Search code examples
javaapache-kafkaspring-cloud-streamspring-cloud-stream-binder-kafka

Is multiple brokers possible in one Kafka Streams Topology(Spring Cloud Stream)?


We have a topology reading from input topic (with binder: x - broker address: x) and the records are processed and written to output topic (with binder: y - broker address: y) using spring cloud stream kafka streams. Records are not written to output topic. But when I set the binders (broker addresses) same (with both x or y) the records are written to topic y. Should I use the same broker in a topology? I need to use different binders and brokers for the input and output topics? How can I solve this?

Error : 2021-06-17 12:17:21.483 WARN 20848 --- [read-1-producer] o.a.k.c.NetworkClient : [Producer clientId=inputTopic-32100000000000000000015-f0bd5423-e670-43e8-ab0b-84ec5505c2fd-StreamThread-1-producer] Error while fetching metadata with correlation id 182 : {inputTopic=UNKNOWN_TOPIC_OR_PARTITION}

Application.yml

spring:
  cloud:
    stream:
      kafka:
        streams:
          bindings:
            doob-output-topic-out:
              applicationId: doob-output-topic-out
              producer:
                keySerde: org.apache.kafka.common.serialization.Serdes$StringSerde
                valueSerde: tr.com.havelsan.doob.cloud.framework.service.track.base.core.serde.BaseDataSerde
                topic:
                  properties:
                    retention.bytes: 300000000
                    segment.bytes: 300000000
            doob-input-topic-in:
              consumer:
                applicationId: doob-input-topic-in
                keySerde: org.apache.kafka.common.serialization.Serdes$StringSerde
                valueSerde: tr.com.havelsan.doob.cloud.framework.service.track.base.core.serde.BaseDataSerde
                topic:
                  properties:
                    retention.bytes: 300000000
                    segment.bytes: 300000000
      binders:
        outputKafka:
          type: kstream
          environment:
            spring:
              cloud:
                stream:
                  kafka:
                    streams:
                      binder:
                        brokers: ${1kafka.brokers1}
                        autoCreateTopics: true
                        autoAddPartitions: true
                        minPartitionCount: 8
                        configuration:
                          commit.interval.ms: 1000
        inputKafka:
          type: kstream
          environment:
            spring:
              cloud:
                stream:
                  kafka:
                    streams:
                      binder:
                        brokers: ${2kafka.brokers2}
                        autoCreateTopics: true
                        autoAddPartitions: true
                        minPartitionCount: 8
                        configuration:
                          commit.interval.ms: 1000
                          max:
                            request:
                              size: 20000000
      bindings:
        doob-output-topic-out:
          destination: outputTopic
          binder: outputKafka
          producer:
            partition-count: 8
        doob-input-topic-in:
          destination: inputTopic
          binder: inputKafka

manage:
  storeName: trackList15

Source Code :

    @StreamListener(BASE_TOPIC_INPUT)
    @SendTo(BASE_TOPIC_OUTPUT)
    public KStream<String, BaseData> consumeTrackFromSynchronization(KStream<String, BaseData> baseDataStream) {
        return baseDataStream.filter((s, baseData) -> BaseUtil.getTrackType(baseData).equals(BaseTypeEnum.FK)).groupByKey()
                .reduce((baseData, s1) -> s1, Materialized.<String, BaseData, KeyValueStore<Bytes, byte[]>>as(storeName)
                        .withKeySerde(Serdes.String()).
                                withValueSerde(baseDataSerde)).toStream()
                .peek((s, baseData) -> baseServiceHelper.processBase(baseData, BaseTypeEnum.FK));
    }

Solution

  • Within a single Kafka Streams processor, it is not possible to read from a cluster and write to another cluster. However, within a single application (JVM), you can have multiple processors, each of them interacting with a single Kafka cluster.

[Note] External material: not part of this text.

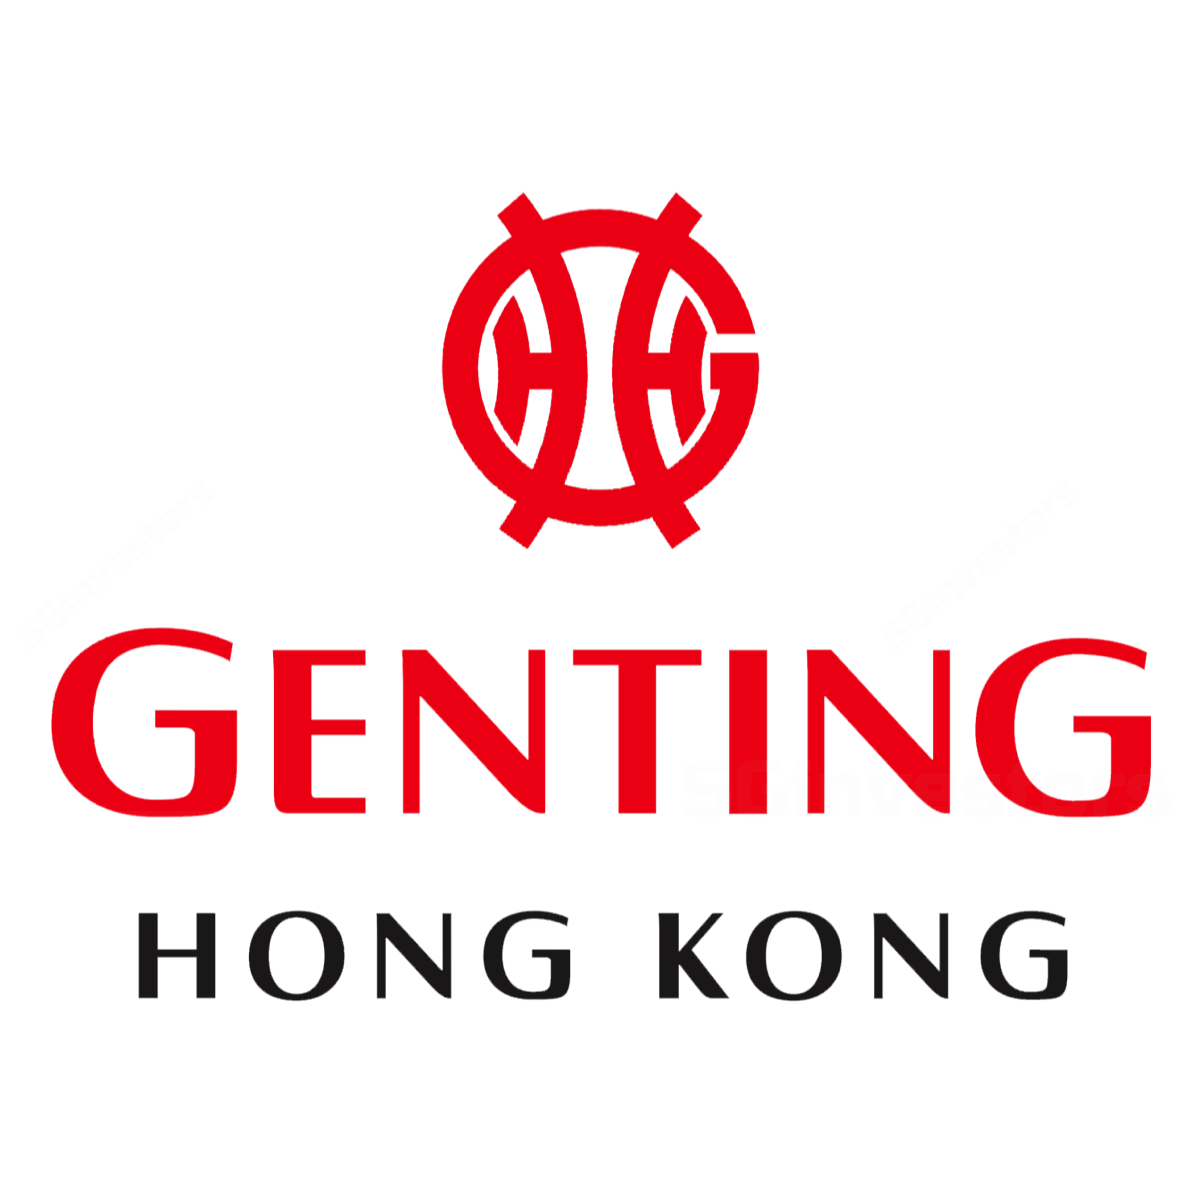 Genting Hong Kong (GENHK SP) - UOB Kay Hian 2017-12-15: Ceasing Coverage With Delisting From SGX

    See this thread for more details.

    One workaround using Spring Cloud Stream is the following in your case.

    1. Have your Kafka Streams processor consume and produce to the same cluster.
    2. Then, write another simple processor with regular message channel based Kafka binder (not the Kafka Streams binder). In this model, you can apply the multi-binder pattern you have above, i.e. the input is receiving from the topic that you wrote to in the Kafka Streams processor, and then the output is going to the topic in the other cluster. This processor simply becomes a passthrough processor that moves data from cluster 1 to cluster 2.